Exclusif : Mme Hélène Conway-Mouret, ministre déléguée aux Français de l’étranger, répond aux questions des Français du Japon

Les sections de Tokyo et du Kansai de l’association Français du monde-Adfe  ont rassemblé un certain nombre de questions que nos compatriotes du Japon se posent et qu’ils ont souhaité adresser à Mme Hélène Conway-Mouret, ministre déléguée aux Français du Japon, à l’occasion de sa venue au Japon, le mardi 9 octobre 2012. Ces questions lui ont été présentées par thèmes. Nous remercions vivement la représentante du nouveau gouvernement français d’avoir répondu à nos interrogations et d’avoir rappelé les convictions qui l’animent et le programme d’actions qui est le sien.

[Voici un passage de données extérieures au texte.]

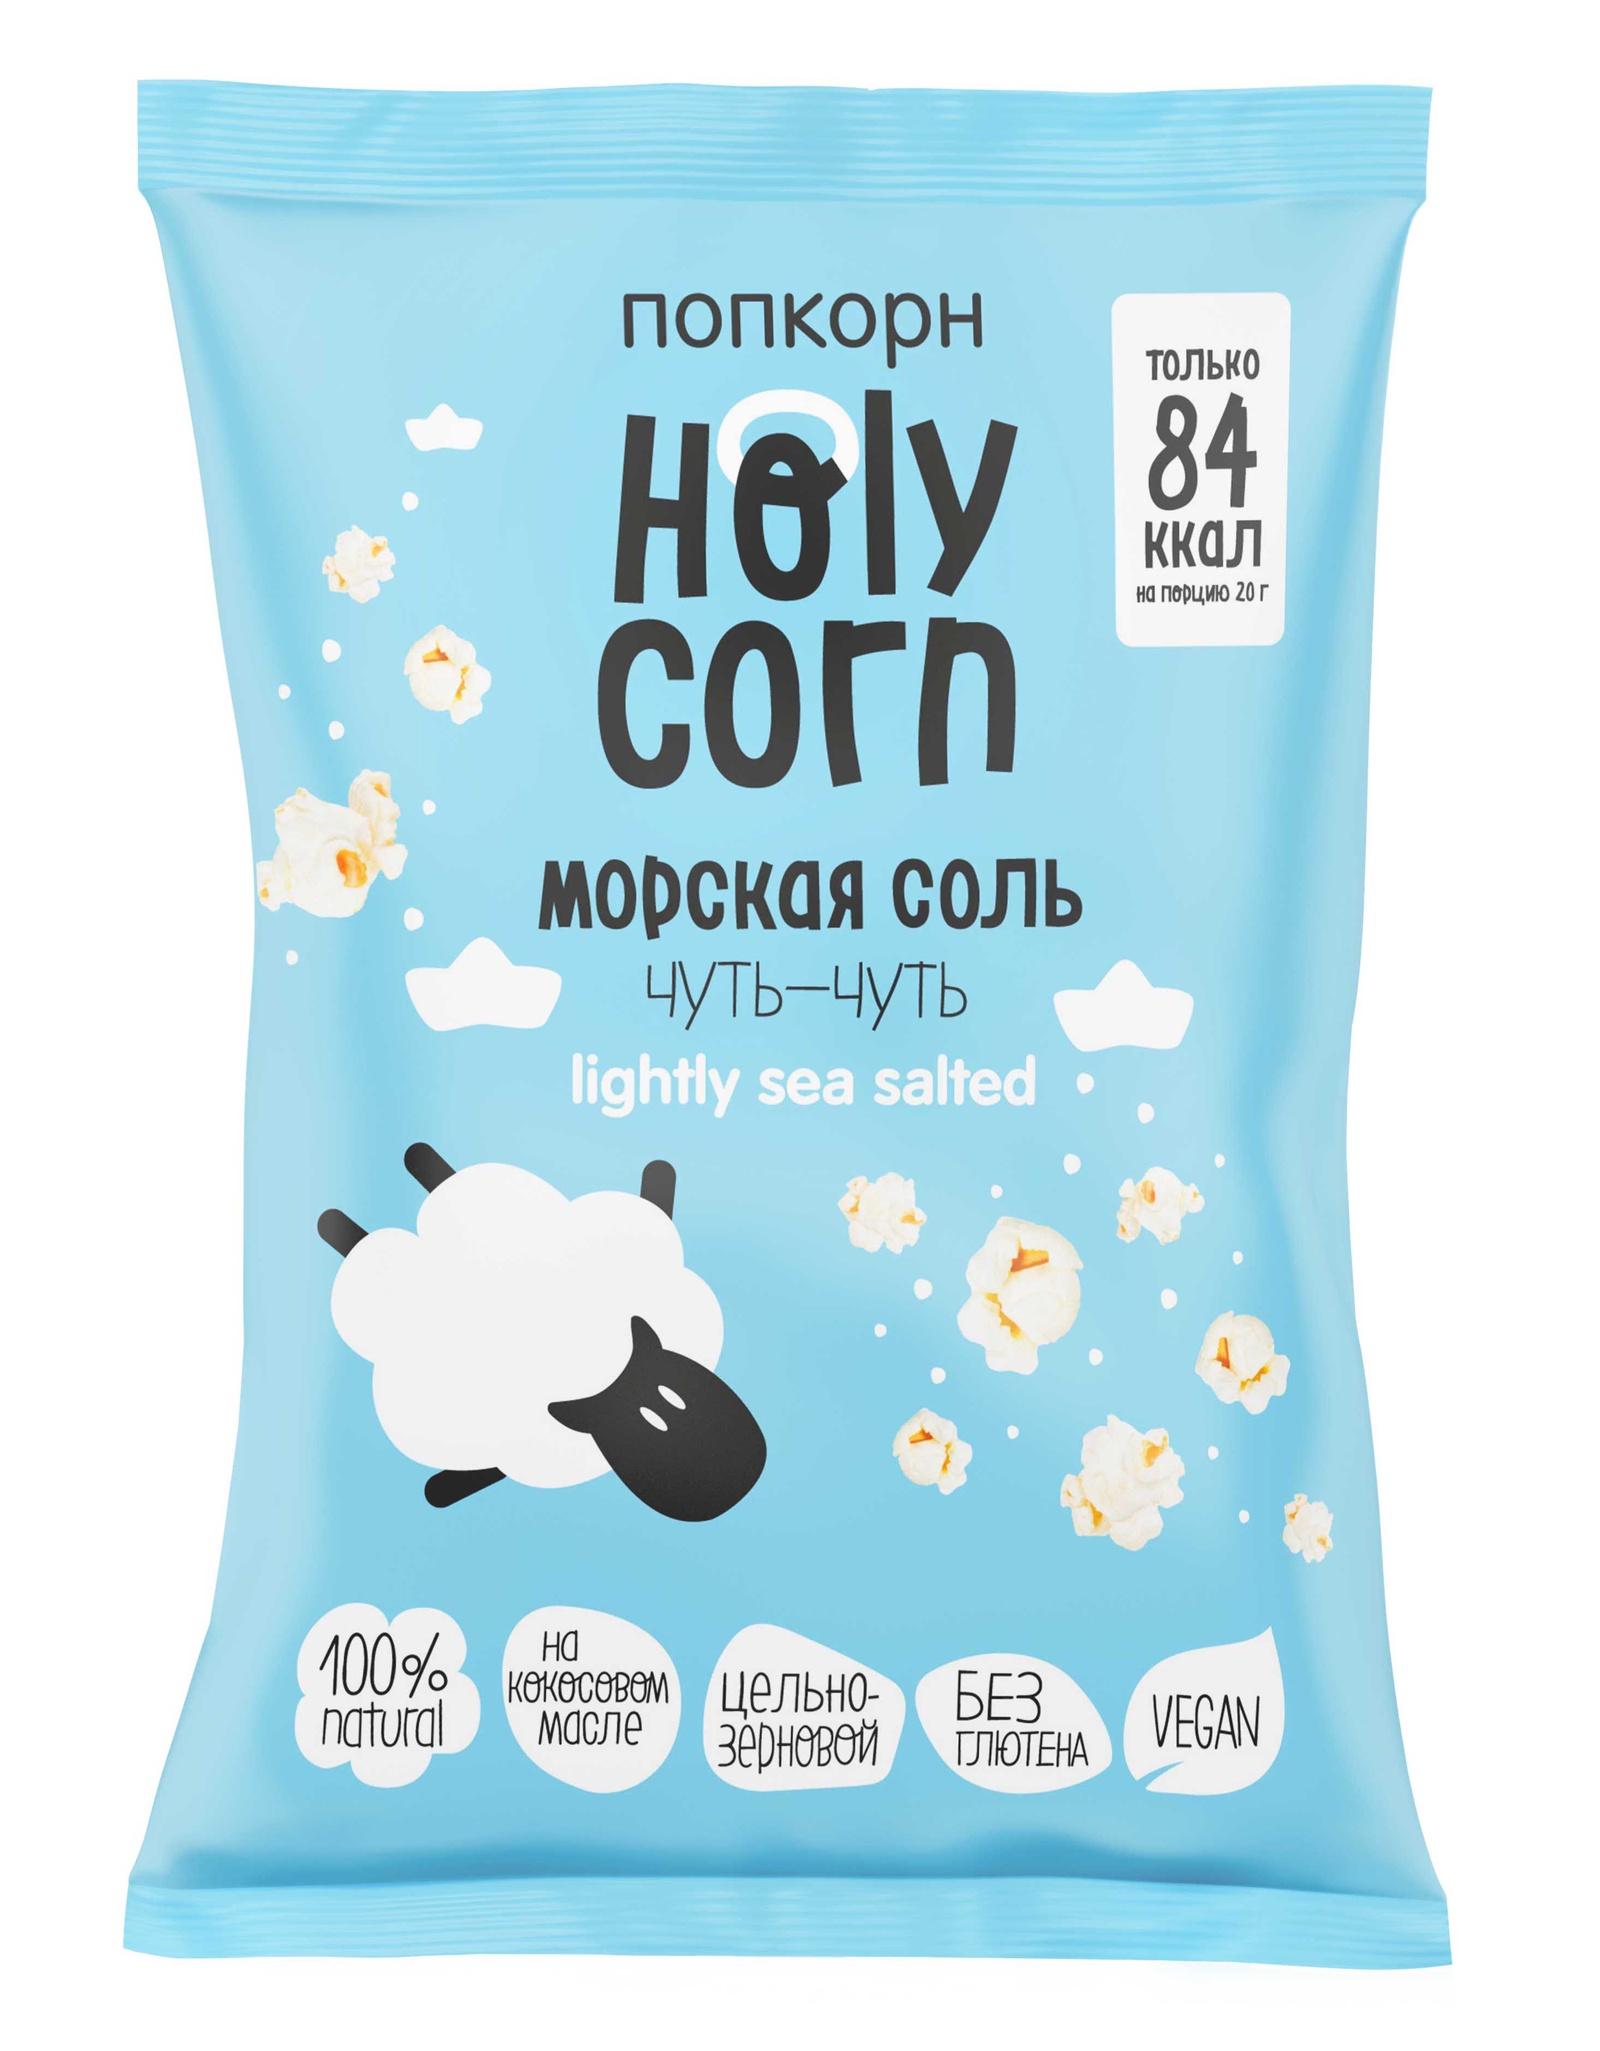 Набор попкорн 8 шт, HOLY CORN, морская соль, большие пачки 60 г/шт

Le nouveau gouvernement et les Français établis à l’étranger

Français du Monde- Adfe : On sait très peu de choses de ce que représentent pour le nouveau gouvernement les Français de l’étranger : à l’échelle ministérielle quelles seront les actions prioritaires ? Quels changements peut-on en attendre ? (Si beaucoup de Français de l’étranger se soucient parfois peu de la France, c’est peut être parce que la France leur donnait jusqu’ici l’impression de ne pas vraiment s’intéresser à eux. Peut-on espérer notamment des actions favorisant une meilleure cohésion, une meilleure prise en compte et une meilleure reconnaissance des Français de l’étranger ?)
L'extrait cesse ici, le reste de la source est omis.